= Scarlett Amaris =

American screenwriter

 Scarlett Amaris is an American-born screenwriter and author known for her work in the horror genre, including the film H.P. Lovecraft's Color Out of Space (2019), for which she was a finalist for the Bram Stoker Award for Superior Achievement in a Screenplay. She has also authored dark fiction novels and contributed essays on the occult and witchcraft.

A music video director, she has taught courses on mythology and witchcraft and has been a featured speaker at international conferences, including the Magickal Women Conference in London.

==Screenwriting career==
Amaris began her screenwriting career with the horror anthology The Theatre Bizarre (2011), co-writing and serving as Second AD on the segment "Mother of Toads." She went on to co-write the award-winning documentary L'Autre Monde (The Otherworld) (2013) and the science fiction horror film Replace (2017).

Her highest-profile credit is H.P. Lovecraft's Color Out of Space (2019), directed by Richard Stanley and starring Nicolas Cage. The fifth version of Lovecraft's cosmic horror/body horror tale, which Amaris co-wrote with director Stanley version, updated and set in contemporary Arkham, became a cult horror hit, winning Best Horror Film at Fantastic Fest, Best Feature and Audience Choice at the H.P. Lovecraft Film Festival, the Creative Coalition’s Spotlight Initiative Award at the Toronto International Film Festival, and the Fangoria Chainsaw Award for Best Limited Release Film.

==Directing==
Amaris directed the music video for "Nail Me Down" by artist Scarlett Seraphim (2024), shot by cinematographer Elle Schneider. The video screened at the Austin Spotlight Film Festival, the Bogota Music Video Festival, and the Canberra Short Film Festival. In 2025, it won Best Video Clip at the Etreum Horror Film Festival and was selected as a finalist at the Etheria Film Festival.

== Author==
Amaris is co-author of the folk-horror series Saurimonde. She has contributed essays to several publications, including three pieces for The Heretic Magazine (2015–2016): "Through a Kaleidoscope Darkly: The Enigmatic Life and Work of Irene Hillel-Erlanger," "On the Trail of the Tetramorph," and "Gloraie to the End of the World: The Apocalyptic Paintings of Juan Valdes Leal." She also contributed "The Mythology Behind the Popular Dark Fantasy Series Saurimonde" to the anthology Folk Horror Revival: Field Studies (2015).

==Lectures==
Amaris has been a featured speaker at several international events, including the Magickal Women Conference in London (2019), the Making Magical Fiction Forum in London (2021), and Edgeways in London (2024, 2025, 2026).

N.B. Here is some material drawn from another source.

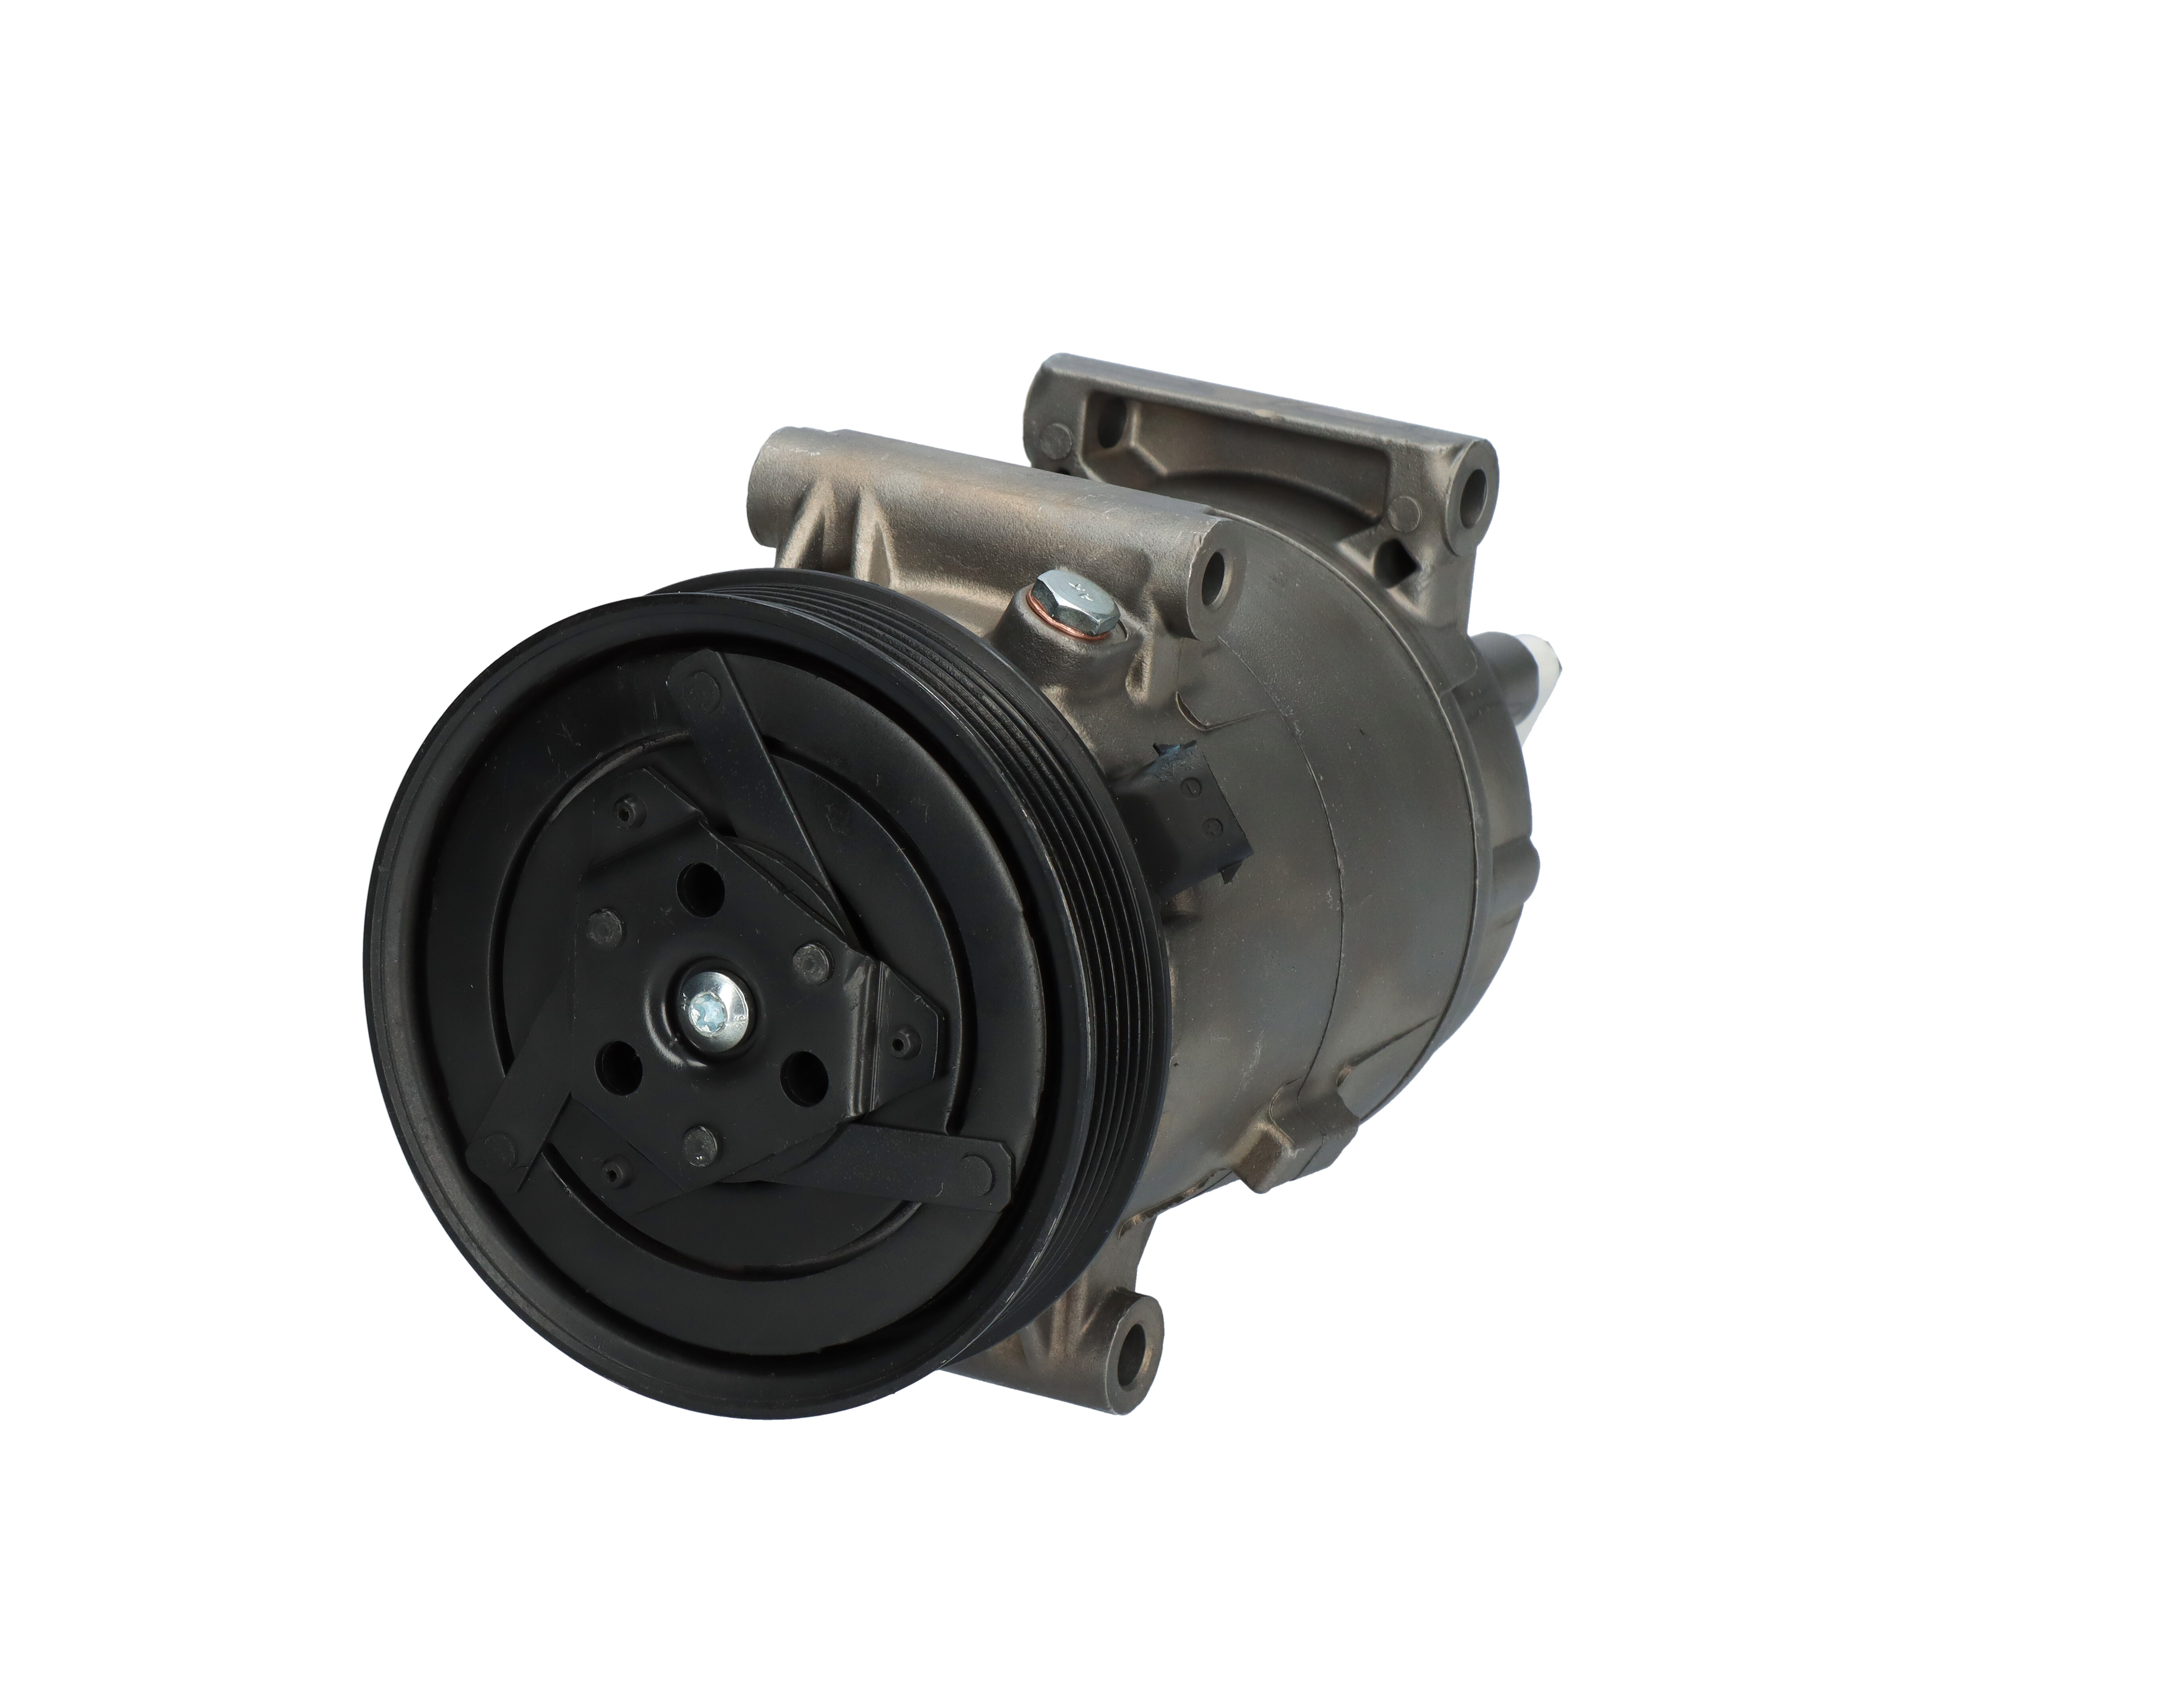 VALEO 699746 Air conditioning compressor CVC, 12V, PAG 46, R 134a, with PAG compressor oil, REMANUFACTURED
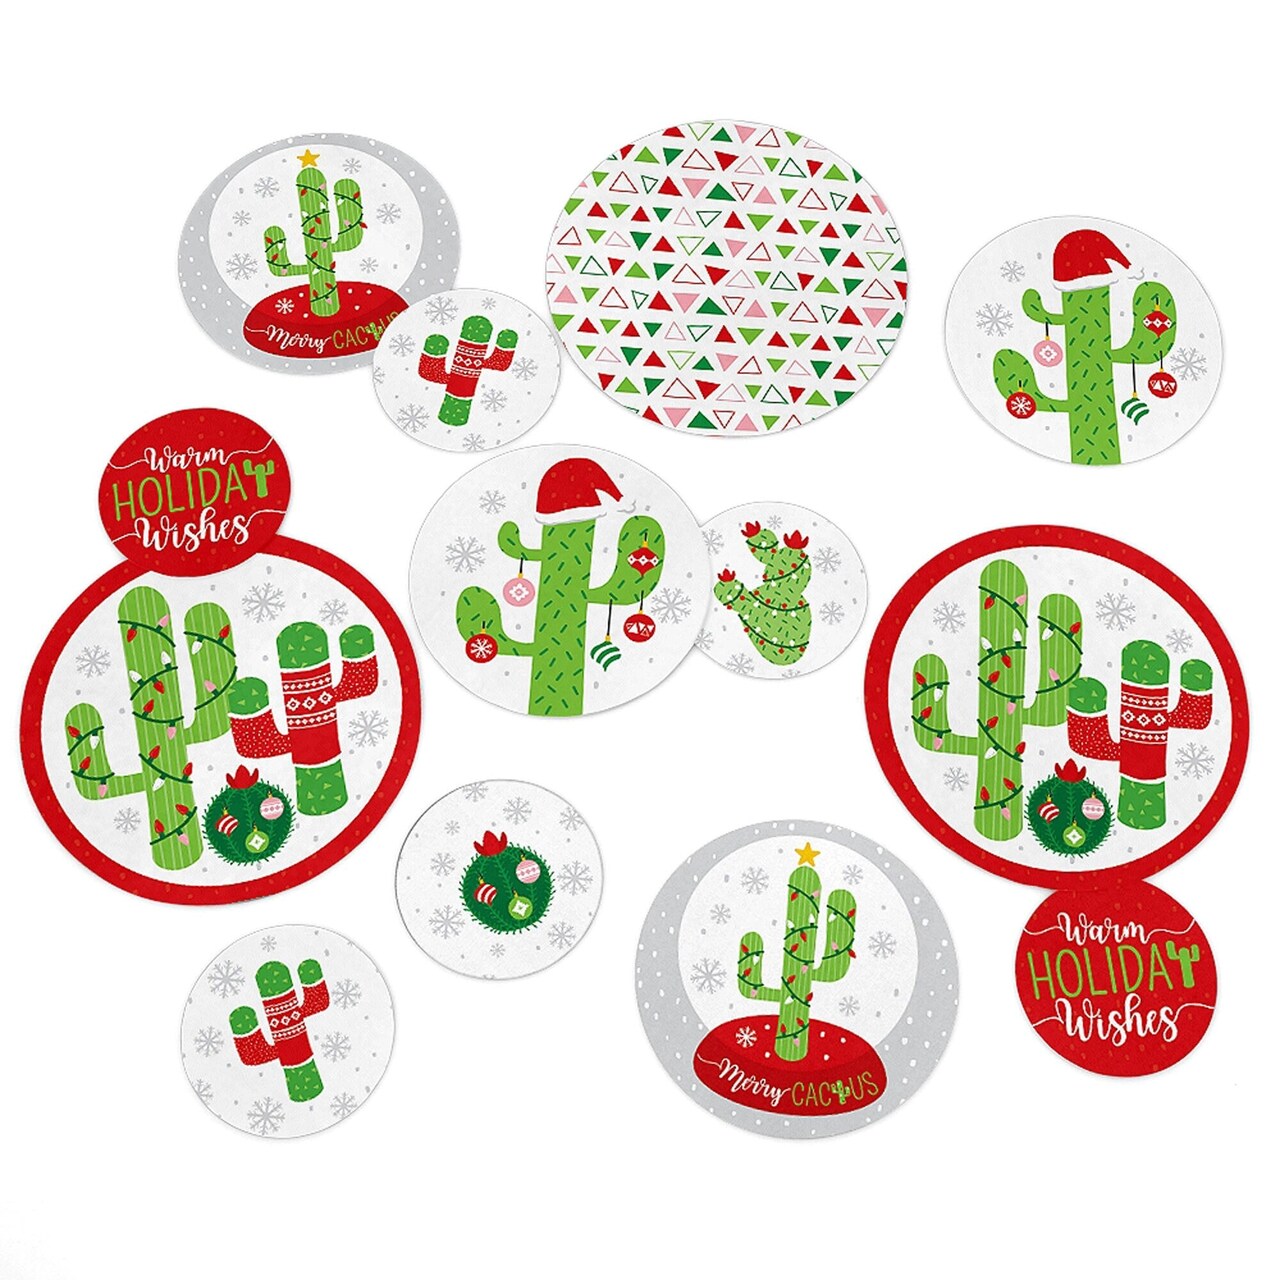 Big Dot of Happiness Merry Cactus - Christmas Cactus Party Giant Circle Confetti - Party Decorations - Large Confetti 27 Count

==Personal life and legal proceedings==
From 2009 to 2014, Amaris was in a relationship with cult horror director Richard Stanley, with whom she collaborated on several film projects, including L'Autre Monde (2013) and Color Out of Space (2019).

In March 2021, Amaris accused Stanley of domestic abuse in a blog post and stated that she filed a report with French police back in October 2014. On 25 October 2021, entertainment news outlet Deadline reported Stanley has filed criminal complaints against Amaris for libel, harassment and loss of income.

Amaris appeared in the 2024 documentary Shadowland, directed by Otso Tiainen, which chronicles the community surrounding Stanley in Montségur, France, and includes her account of the domestic violence case. The film premiered at Beyond Fest and screened at the Imagine Filmfestival Amsterdam.